**ACTION ITEM:**
Please output exactly the lines below, starting at the line that has "Dolce and Gabbana Red Bomber Jacket" and ending at the line that has "The Kindness Anti Bacterial Hand Wash", both included; leave out all pictures and include nothing else.

[Opening MATERIAL SHOWN section]

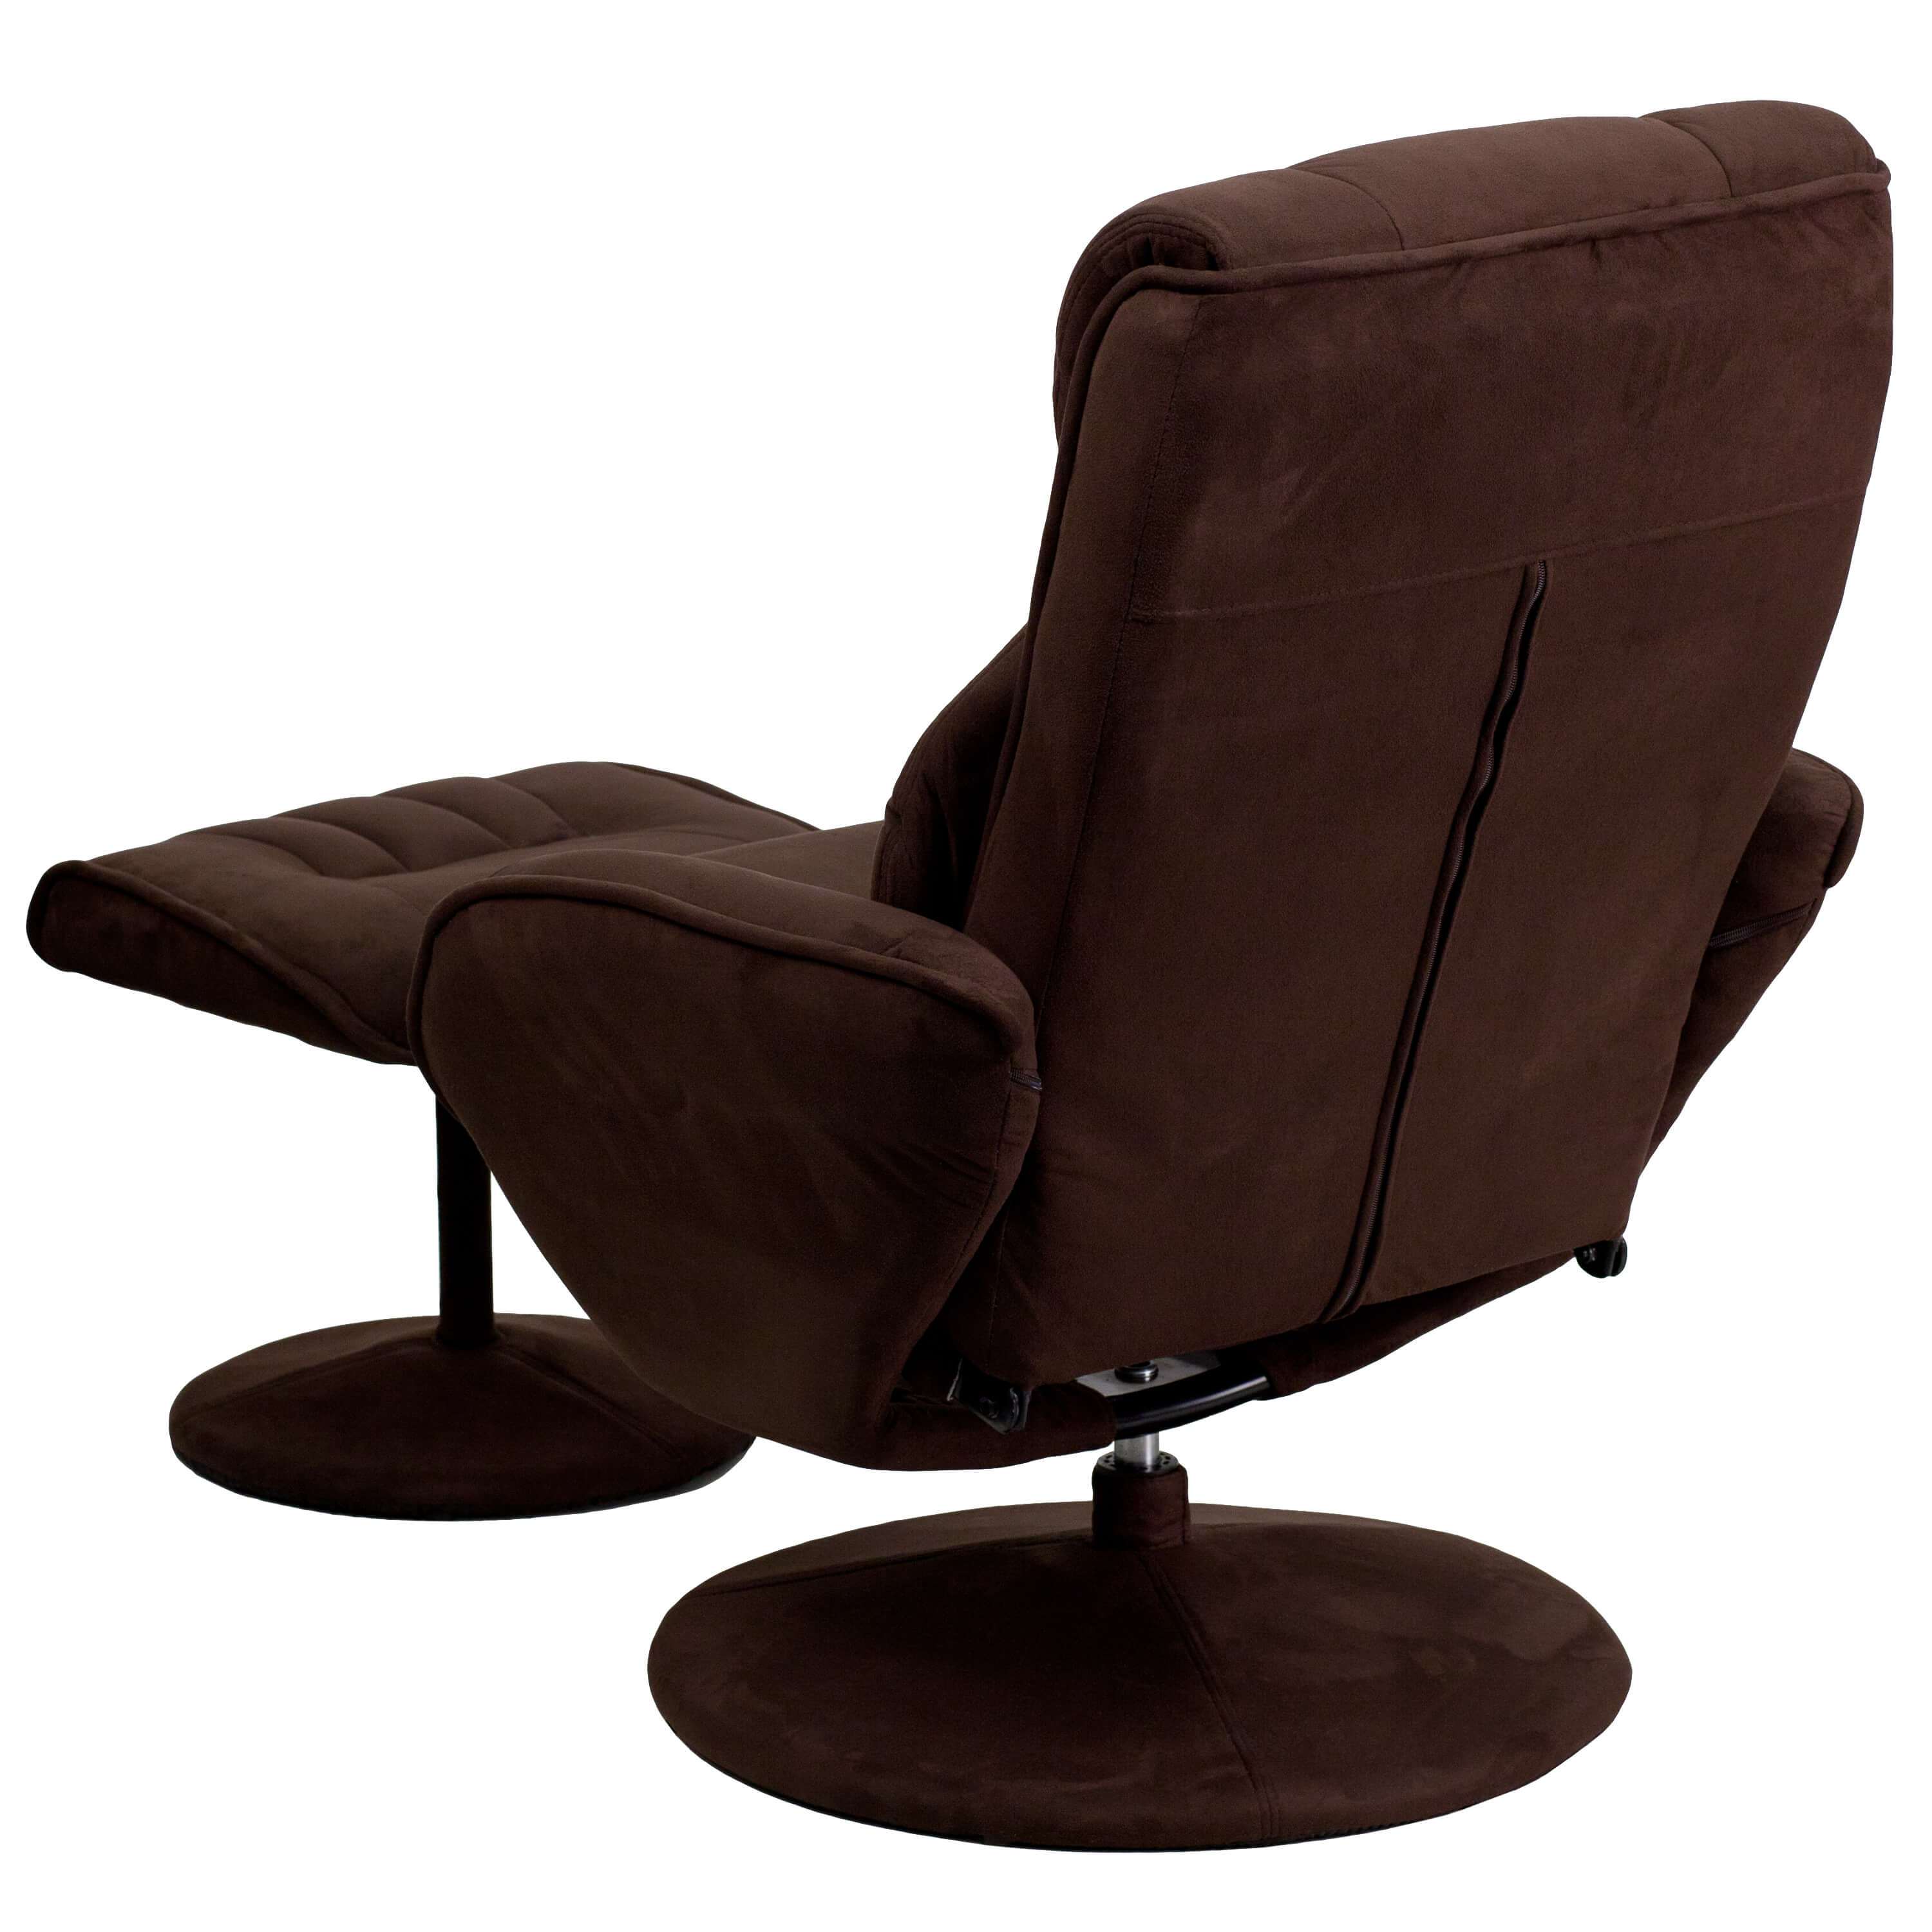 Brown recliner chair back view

[Closing MATERIAL SHOWN section]
[Opening MATERIAL SHOWN section]

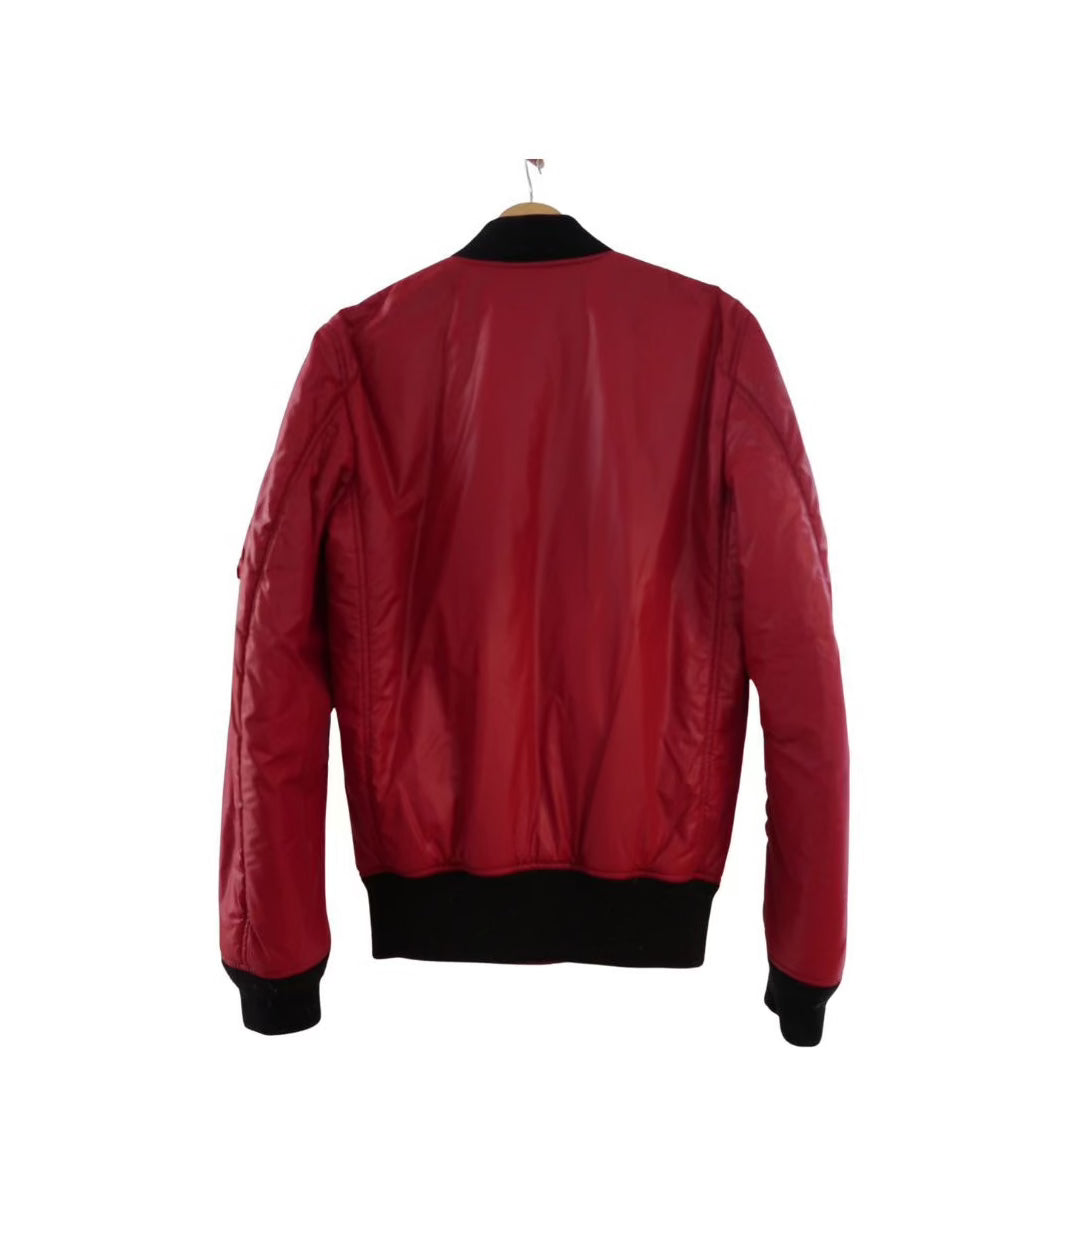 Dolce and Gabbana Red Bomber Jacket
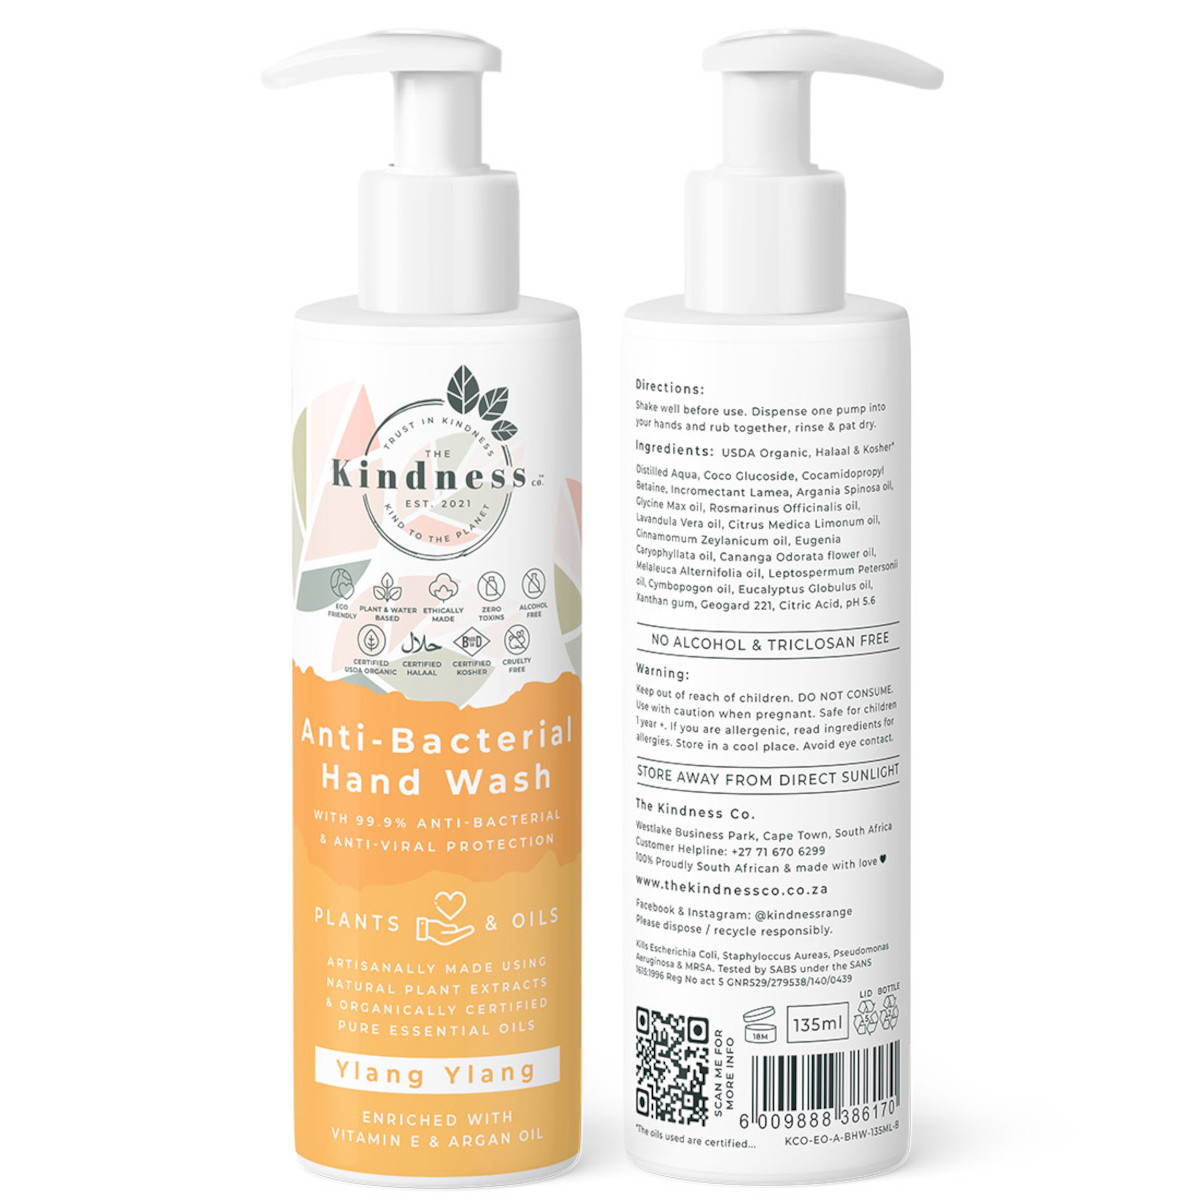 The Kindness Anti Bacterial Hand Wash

[Closing MATERIAL SHOWN section]
[Opening MATERIAL SHOWN section]

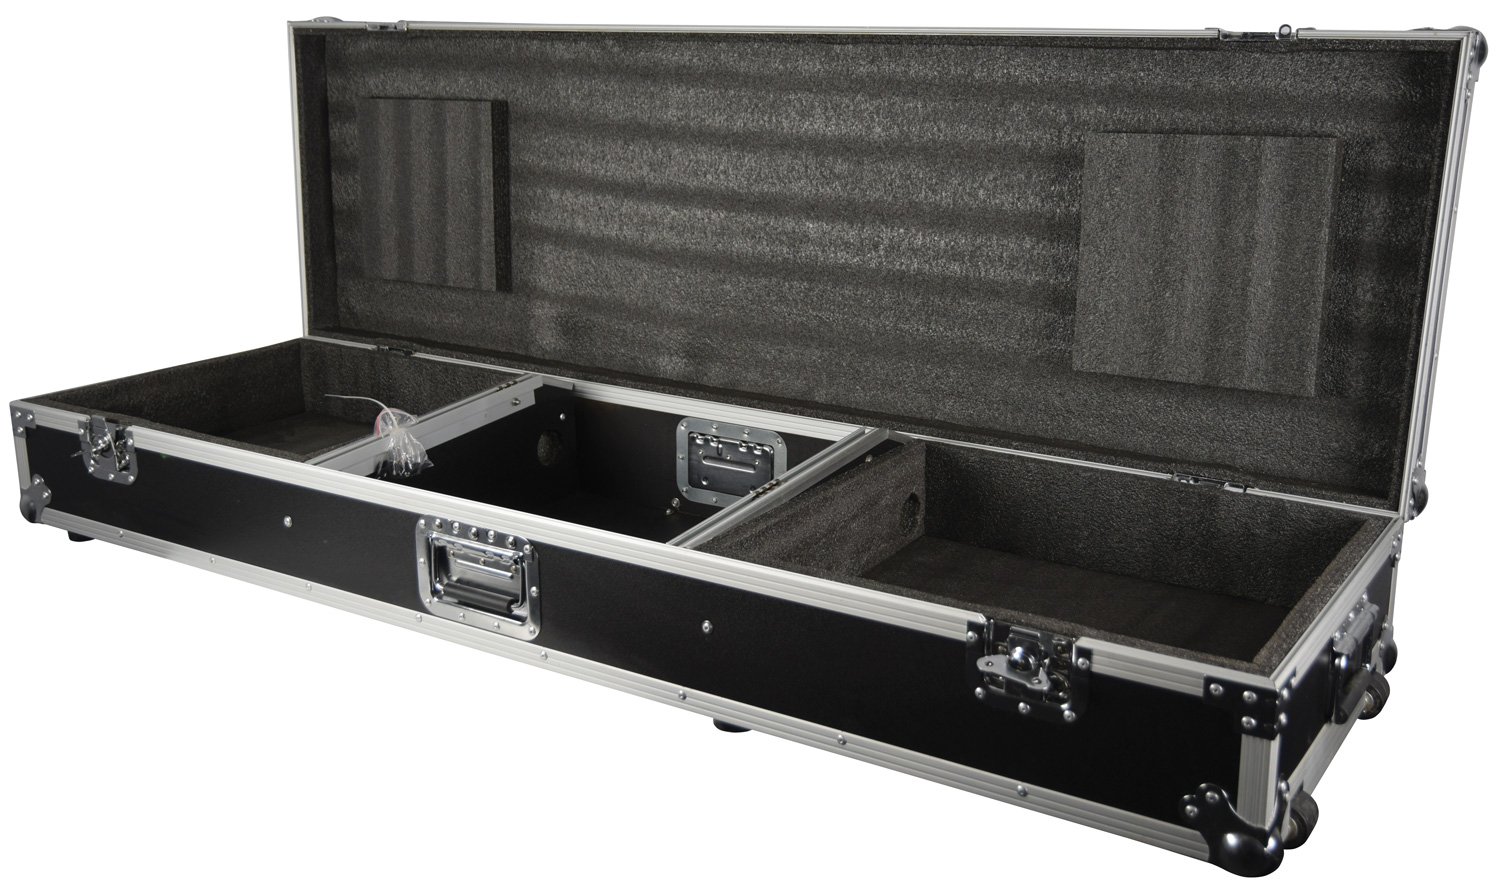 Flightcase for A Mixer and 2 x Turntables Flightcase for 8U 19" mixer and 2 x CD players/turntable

[Closing MATERIAL SHOWN section]

**RESPONSE TO THE TASK:**
 Dolce and Gabbana Red Bomber Jacket
 The Kindness Anti Bacterial Hand Wash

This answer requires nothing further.